PROFIT-TAKING IN PERIPHERY

Despite the overall rally on Tuesday, investors booked profits on shares in peripheral euro zone markets such as Italy, Portugal and Ireland (Other OTC: IRLD - news) which have outperformed strongly since the start of the year.

Italy's FTSE MIB and Portugal's PSI 20 were both down 0.8 percent. The two indexes are up 13 percent and 12 percent year-to-date respectively, strongly outpacing the FTSEurofirst 300, up 3.8 percent over the same period.

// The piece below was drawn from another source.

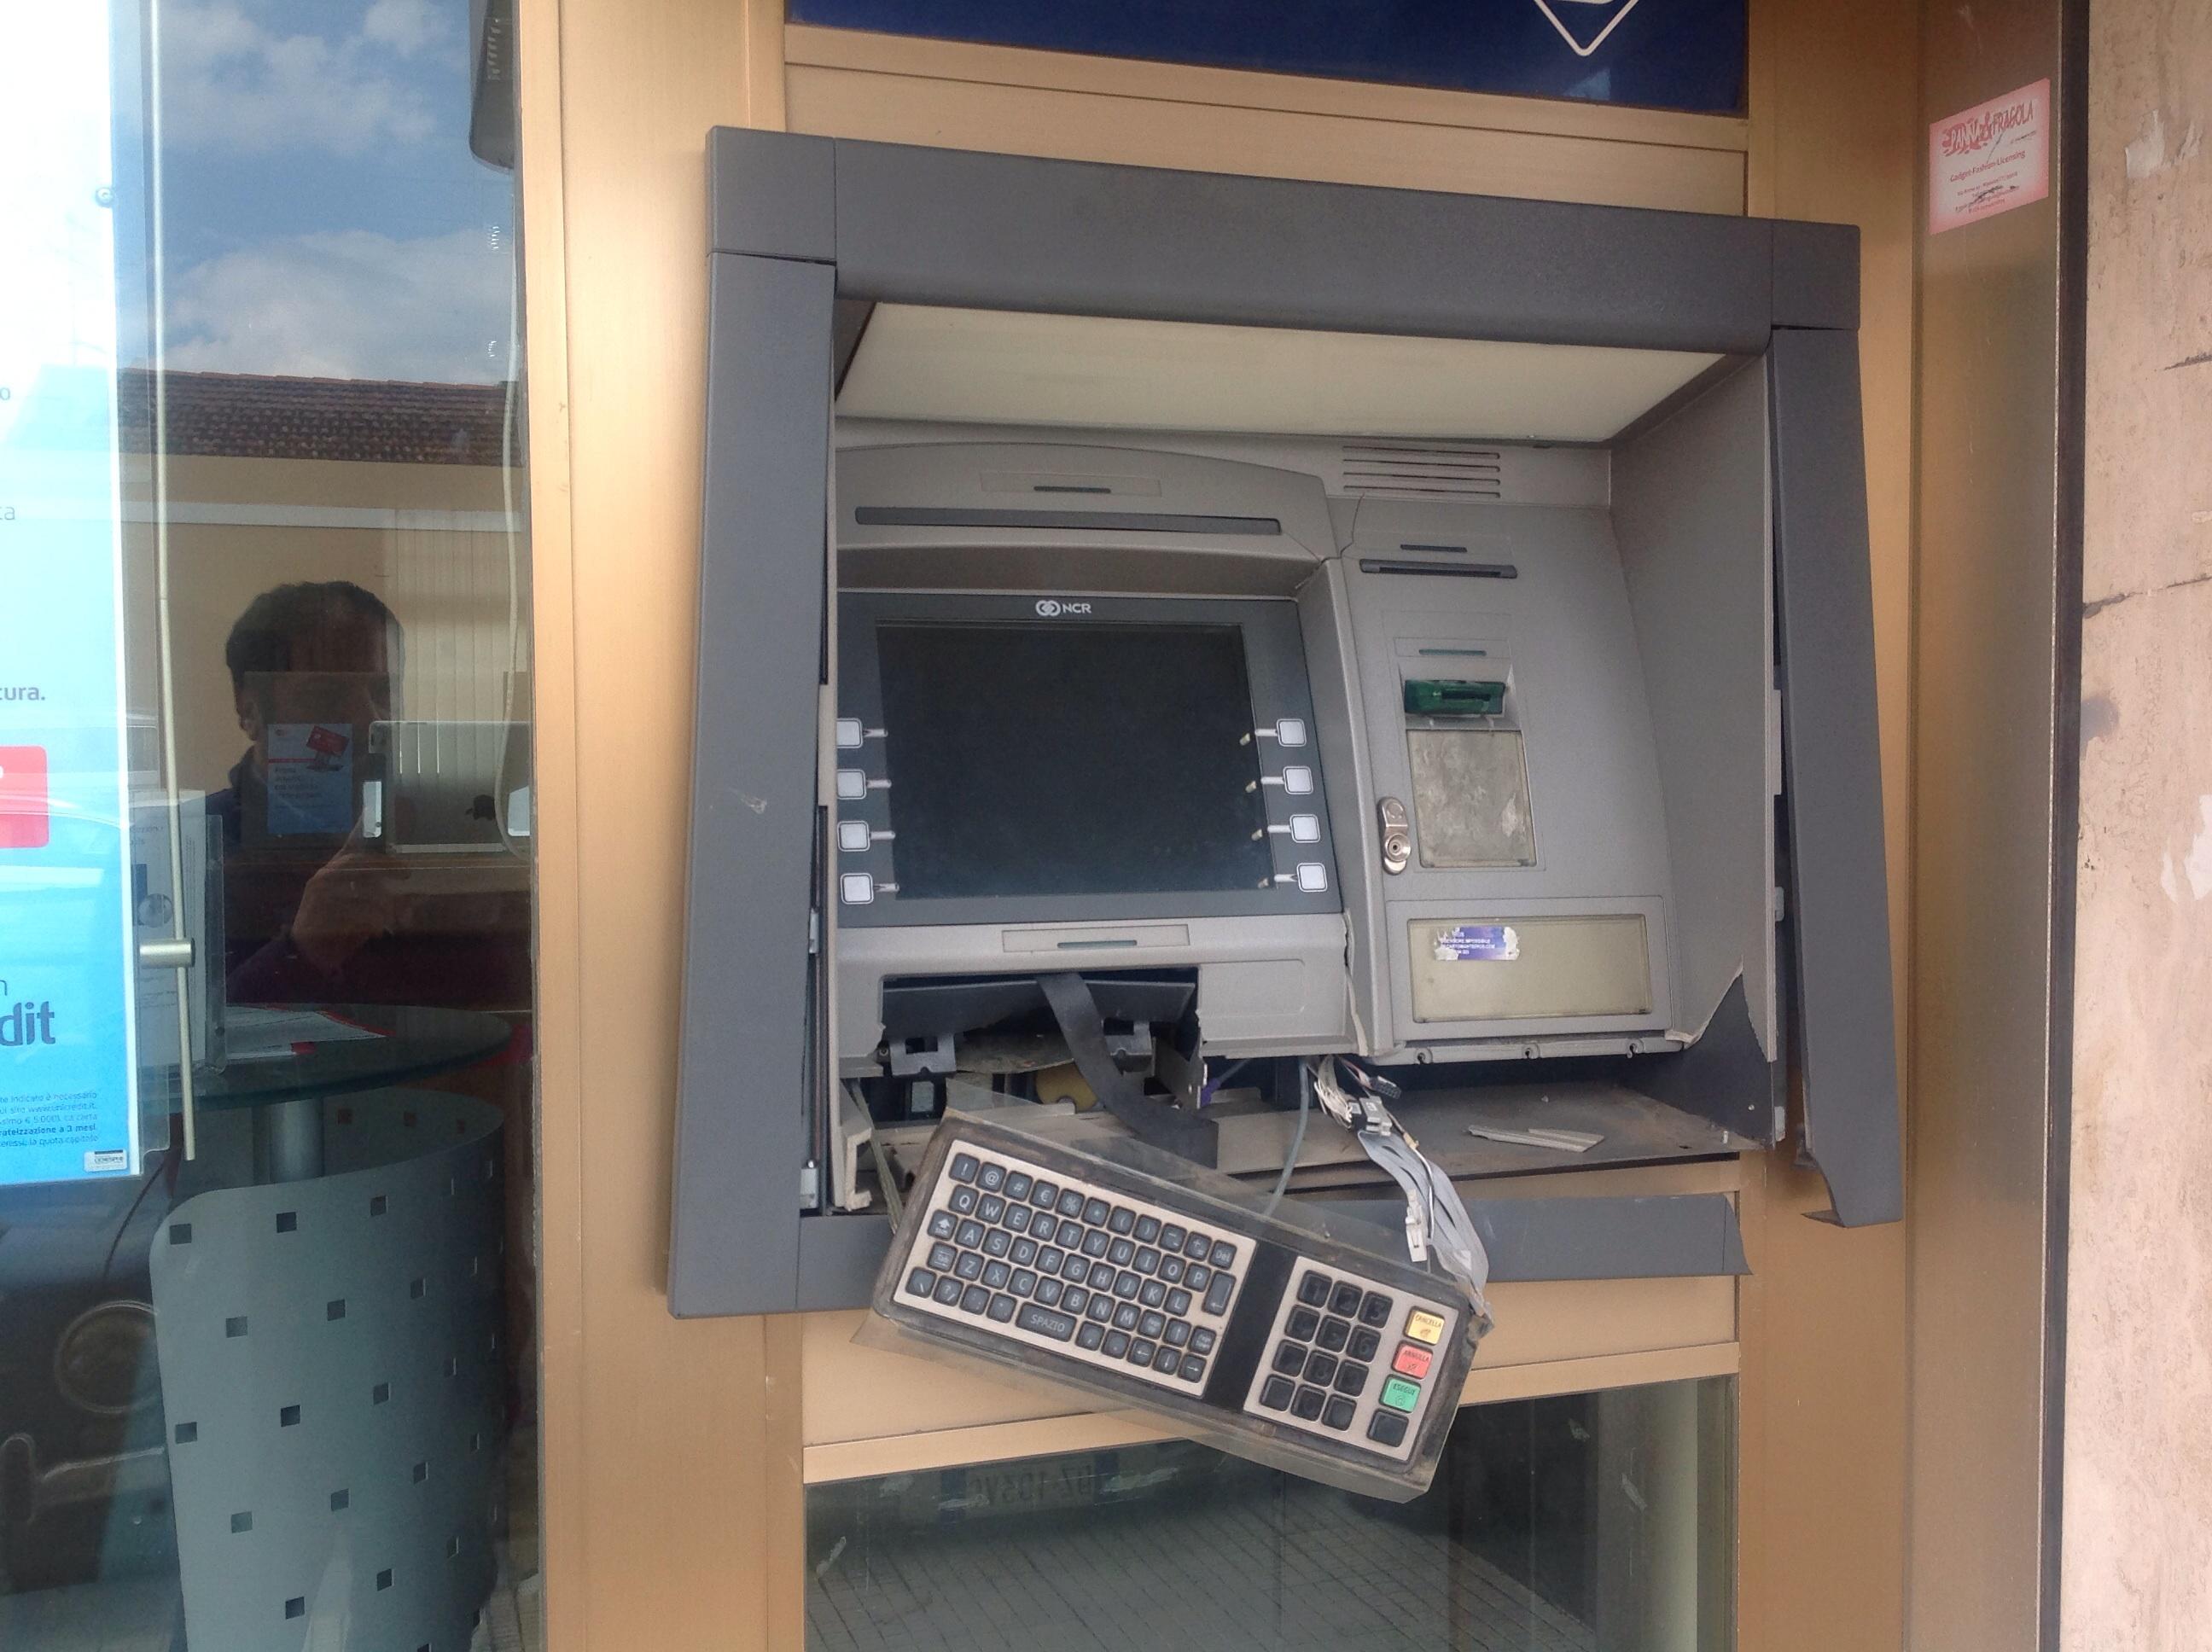 Giarre, danneggiato bancomat Unicredit VIDEO

"It's been an amazing run so far this year for Italian stocks," said Riccardo Designori, market analyst at Brown Editore in Milan. "But now there are worries in Italy about potential changes to the level of taxation on capital gains and a lot of people are quietly booking profits just in case, so the rally might stall."

Among individual movers, shares in British low-cost airline easyJet, which have risen around 50 percent in the past year, dropped 4 percent after disappointing some analysts by breaking a recent trend of upgrading forecasts.